EXERCISE: Using the material below, print a verbatim copy of every line from the one containing "Stephen Amell in season 1 of Arrow" through the one containing "新一代 Volkswagen Golf GTD 預計日內瓦車展發表現身。", inclusive, and omit the pictures.

STUDY MATERIAL:
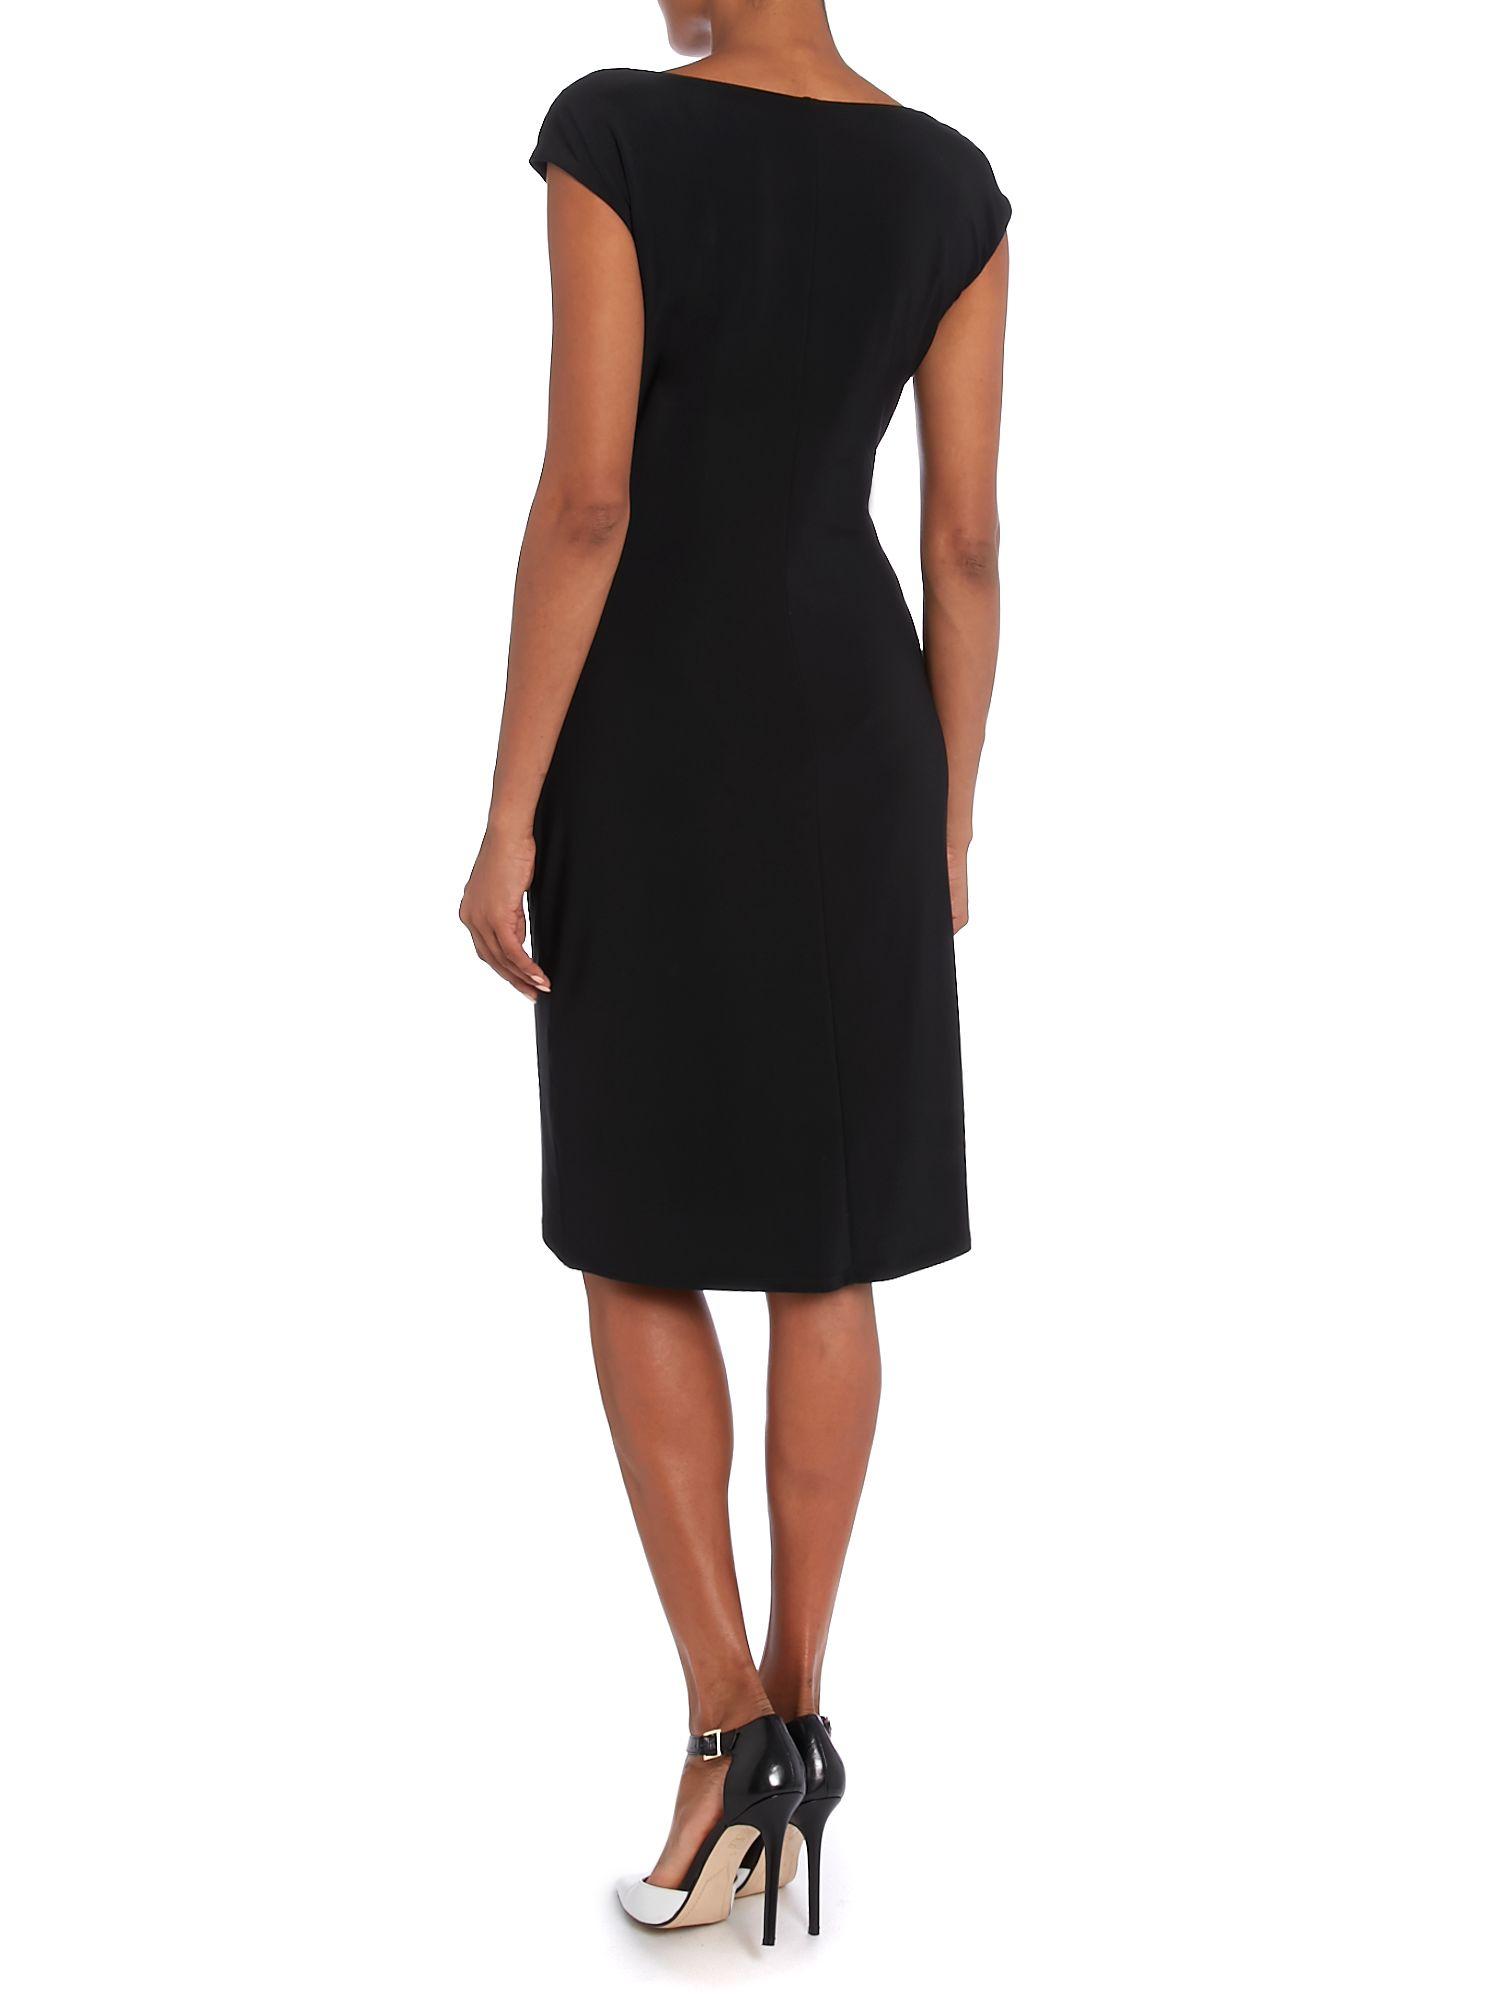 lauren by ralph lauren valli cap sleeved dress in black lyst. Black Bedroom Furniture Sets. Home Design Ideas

* * *

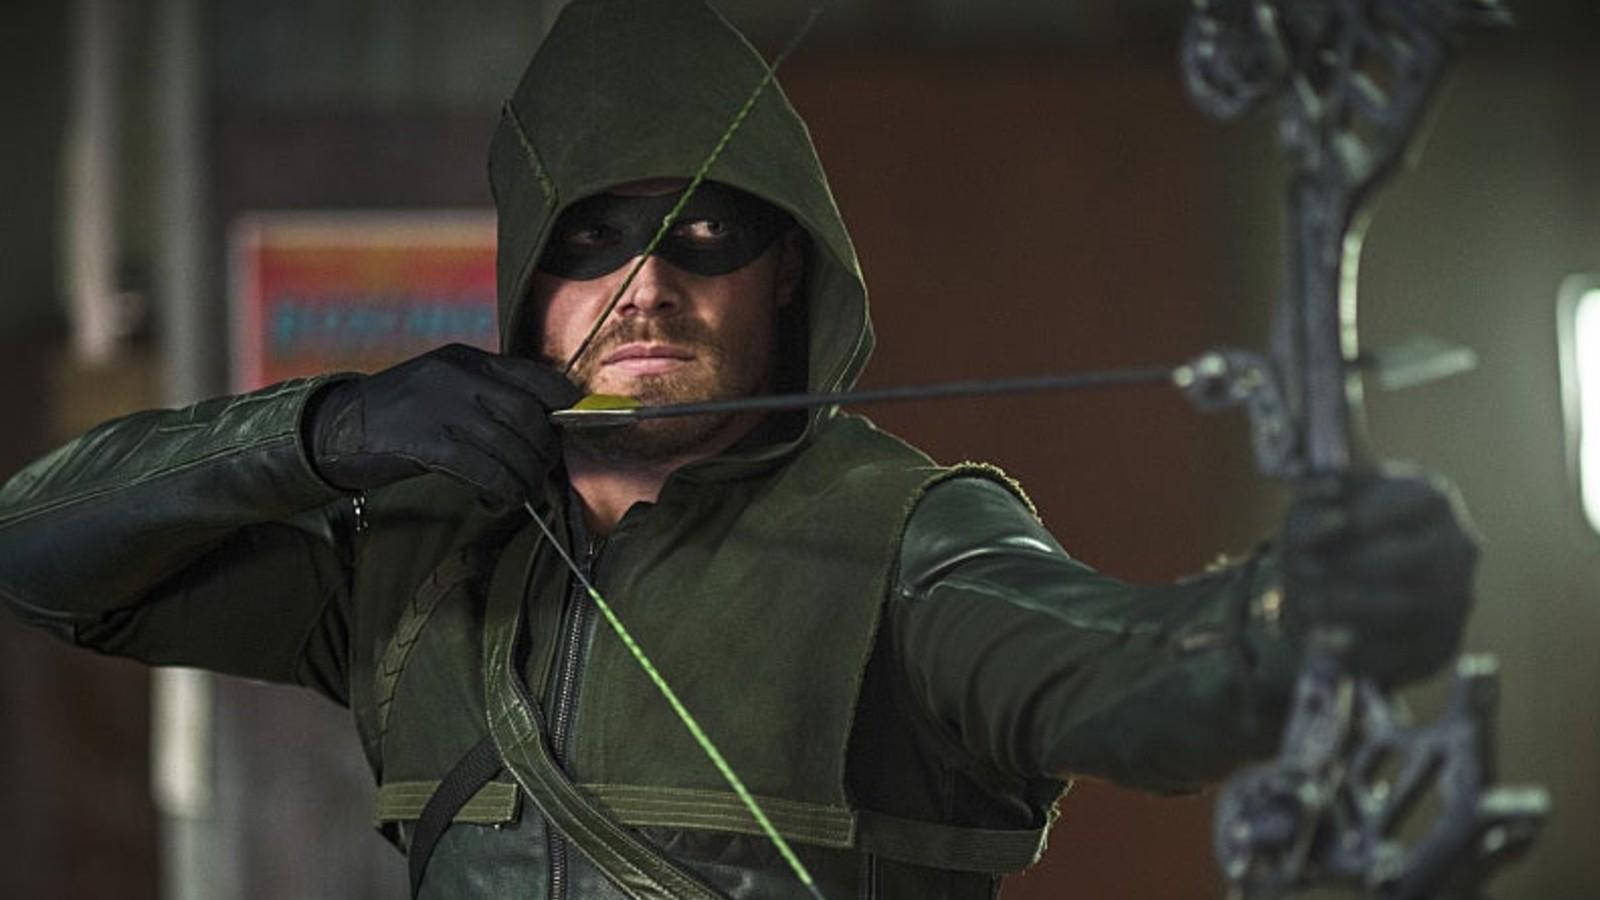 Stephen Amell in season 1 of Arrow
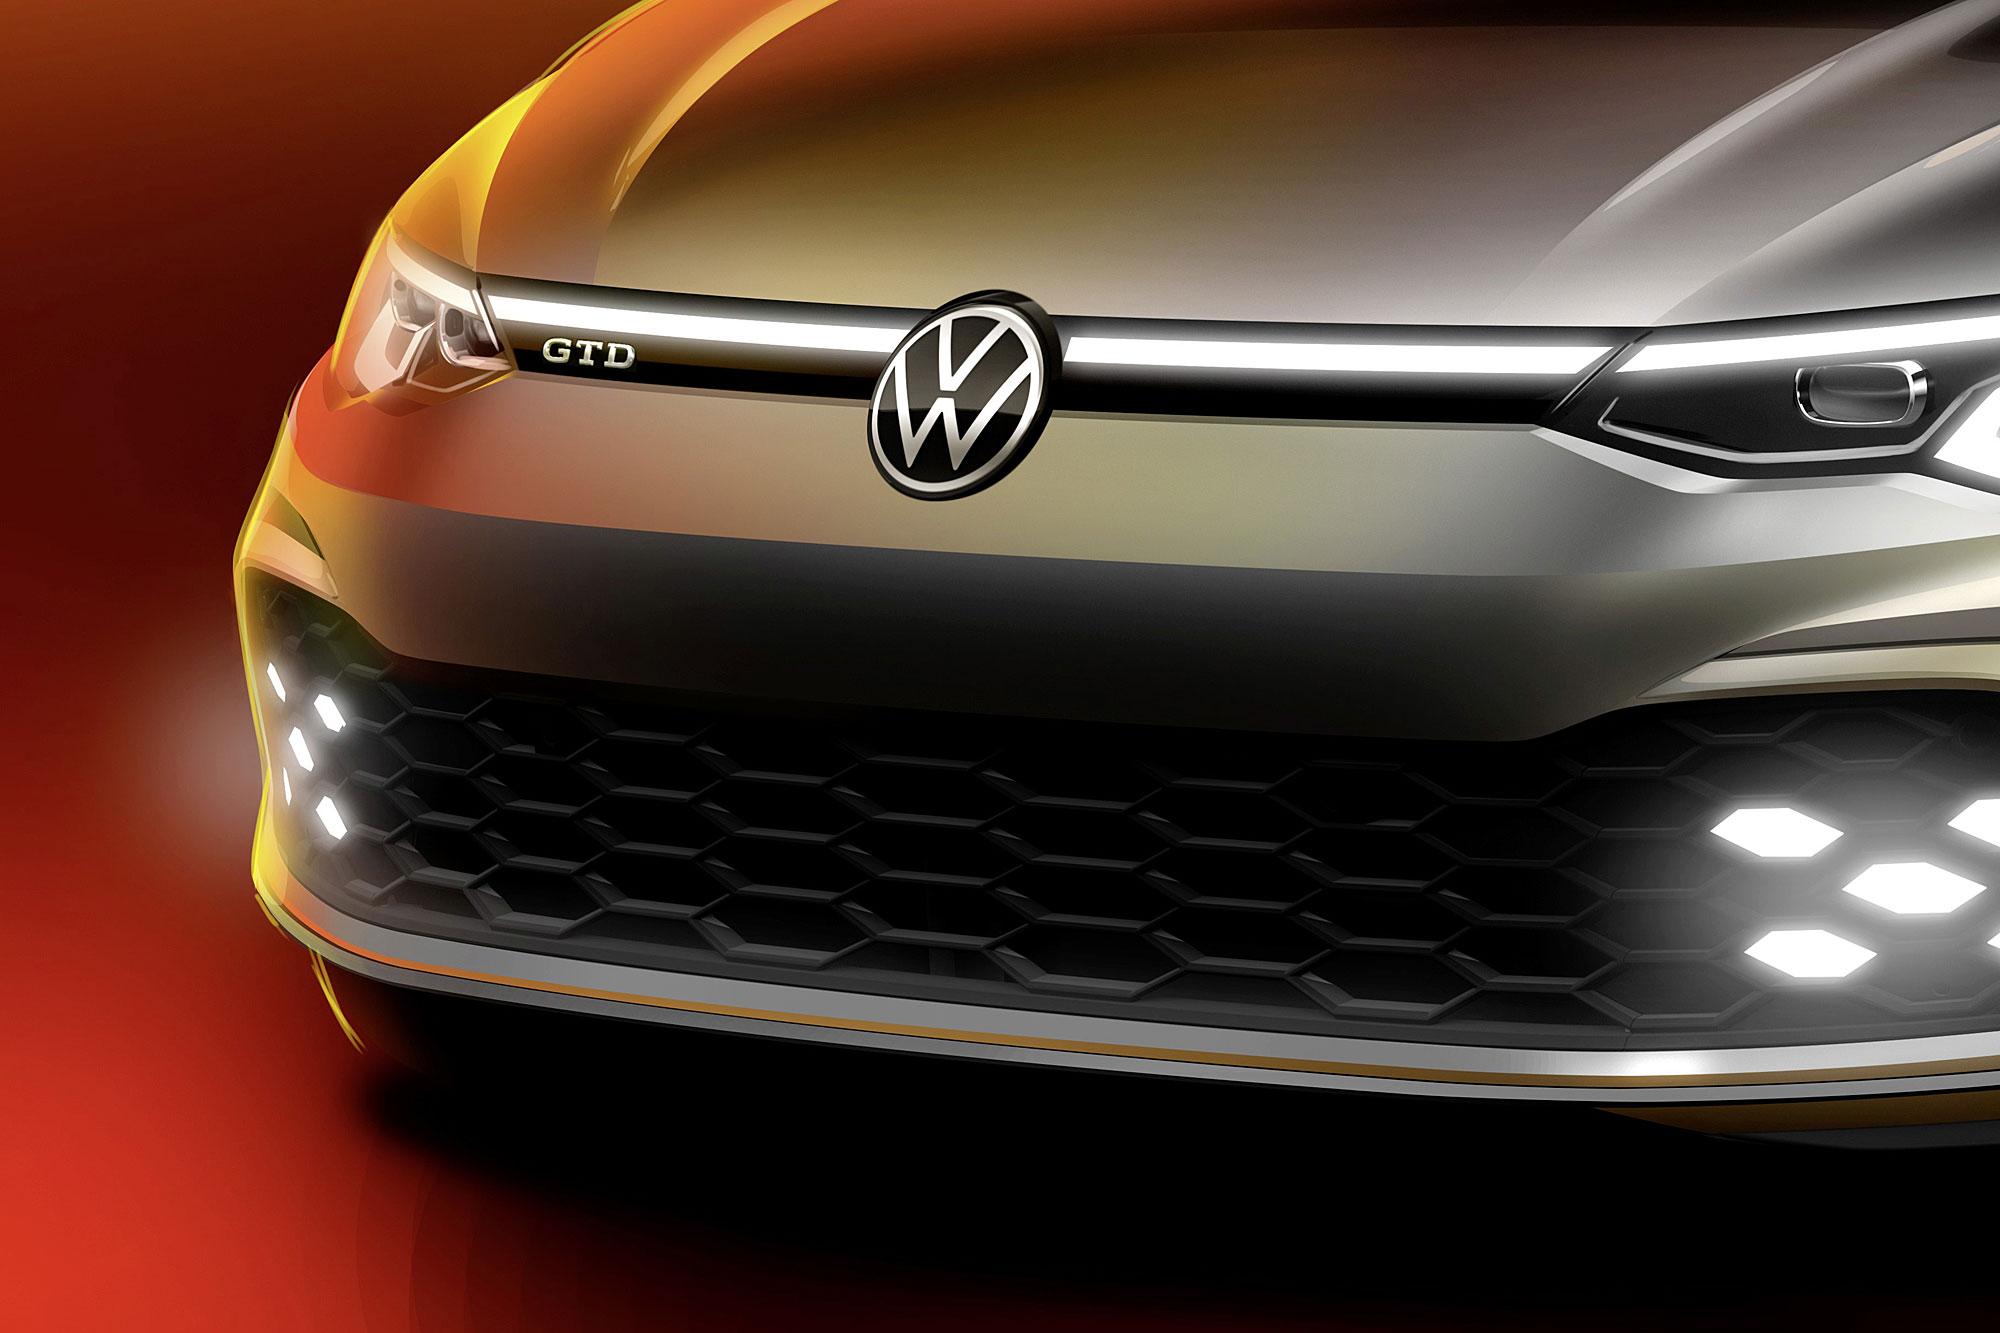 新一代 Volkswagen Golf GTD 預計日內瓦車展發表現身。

TASK SOLUTION:
 Stephen Amell in season 1 of Arrow
 新一代 Volkswagen Golf GTD 預計日內瓦車展發表現身。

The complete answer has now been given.